The Fairness Center filed a new brief in the case this past January, dissecting the lower court ruling while further analyzing those provisions of state law that make the Janus ruling applicable.

Although the defendants have seized upon the concept of federalism as part of their effort to have the case dismissed, the Fairness Center finds that this argument works to their client’s advantage.

“Pennsylvania already has a broader array of public employees than some other states, even beyond the public employee statutory definition at issue in this appeal,” the Fairness Center brief says. “For instance, many states do not have public employees involved in the sale of alcohol. Pennsylvania does.
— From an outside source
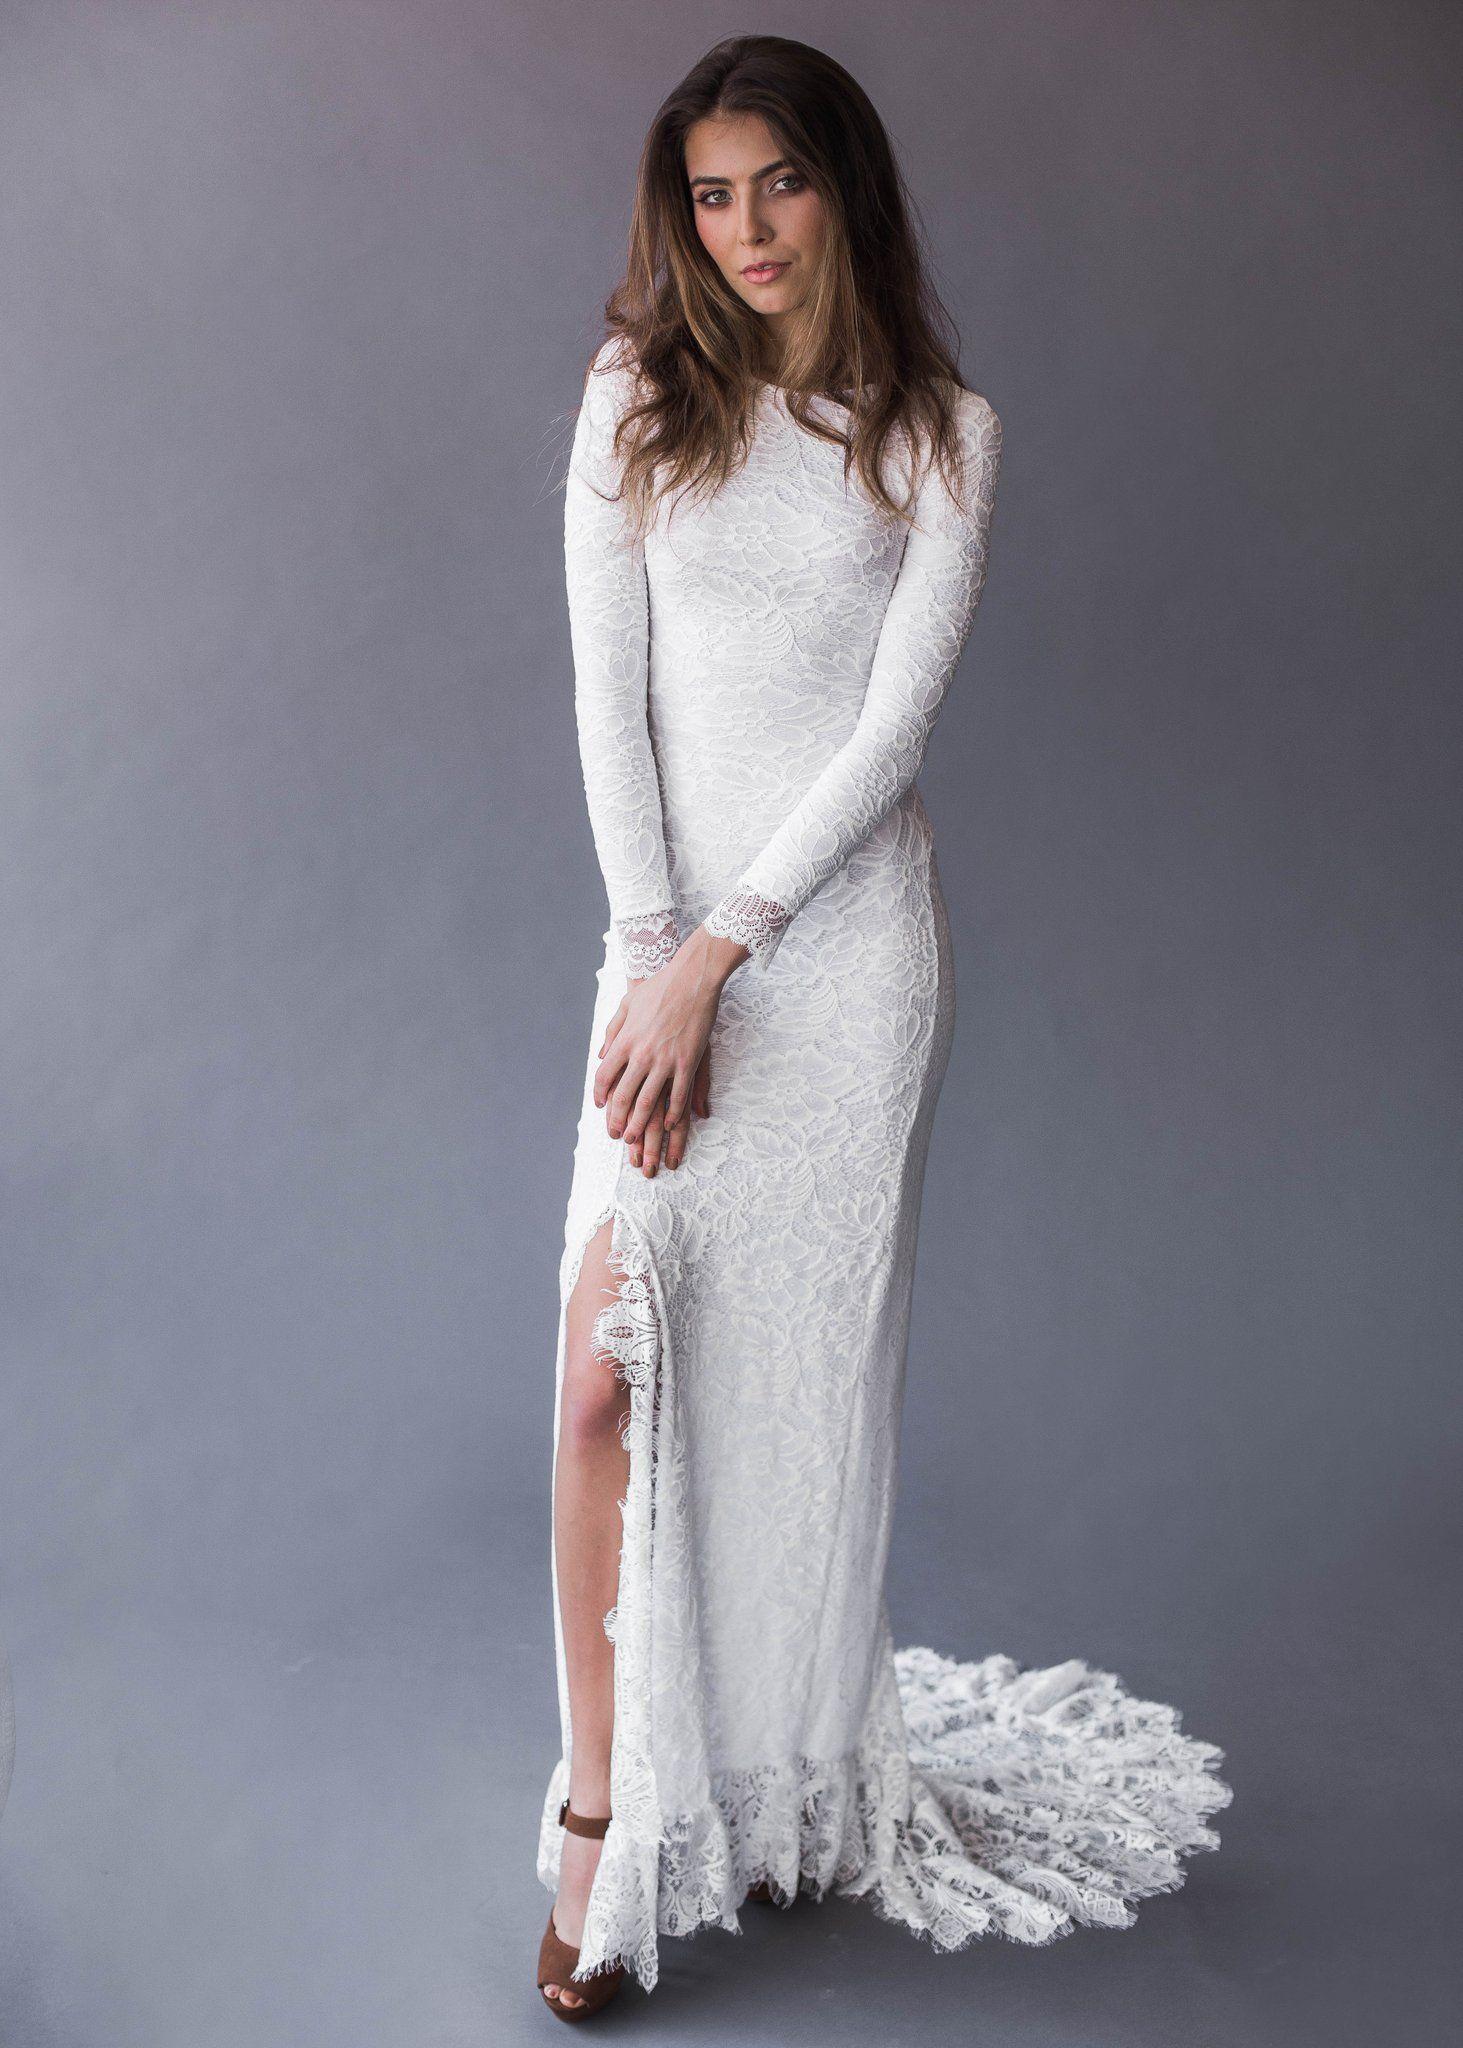 Grey lace wedding dress  Madelyn  Dress  Indie wedding dress Wedding dress bohemian and

Just because those employees would be private in another state does not prevent their being public employees in Pennsylvania.”

Acker Susanj points to New York, California, and Ohio as examples of states where the symphony may not qualify as a public employer. But in her estimation, this reality only bolsters Wilkofsky’s case, which is built around the distinct attributes of Pennsylvania’s labor statute. 

“The federalism argument is squarely on our side,” she said. “Pennsylvania decided to go broad on the definition of public employers. You can think this is or isn’t a good policy experiment, but that’s not for unelected judges to decide.”

If the musicians’ union had made a concerted effort to represent the interests of their members during the pandemic, Wilkofsky might have been willing to pay the dues.

“There certainly were rights that could have been represented during the pandemic, like the right to not be vaccinated against one’s will with an experimental vaccine,” he said. “But the union just threw in with the government position.”

Rebecca Friedrichs, a former public school teacher in California, understands how that works. Her free speech lawsuit against the teachers’ unions morphed into the Janus case.

“The teachers’ union in California kept saying they were representing me as a professional teacher when they weren’t,” Friedrichs said. “In fact, they weren’t helping me at all. This seems to be the same situation here. The union says they are representing the musicians and trying to give them a better experience on the job when they are just spending their money on politics.”

Acker Susanj hopes that this case will prevail in the lower appeals court. 

“Since the Supreme Court said in Janus that anyone who is employed by a state actor or entity has constitutional rights, it certainly would create some confusion if the 3rd Circuit were to rule differently,” she said. “Petitioning the Supreme Court is something we’d have to assess.”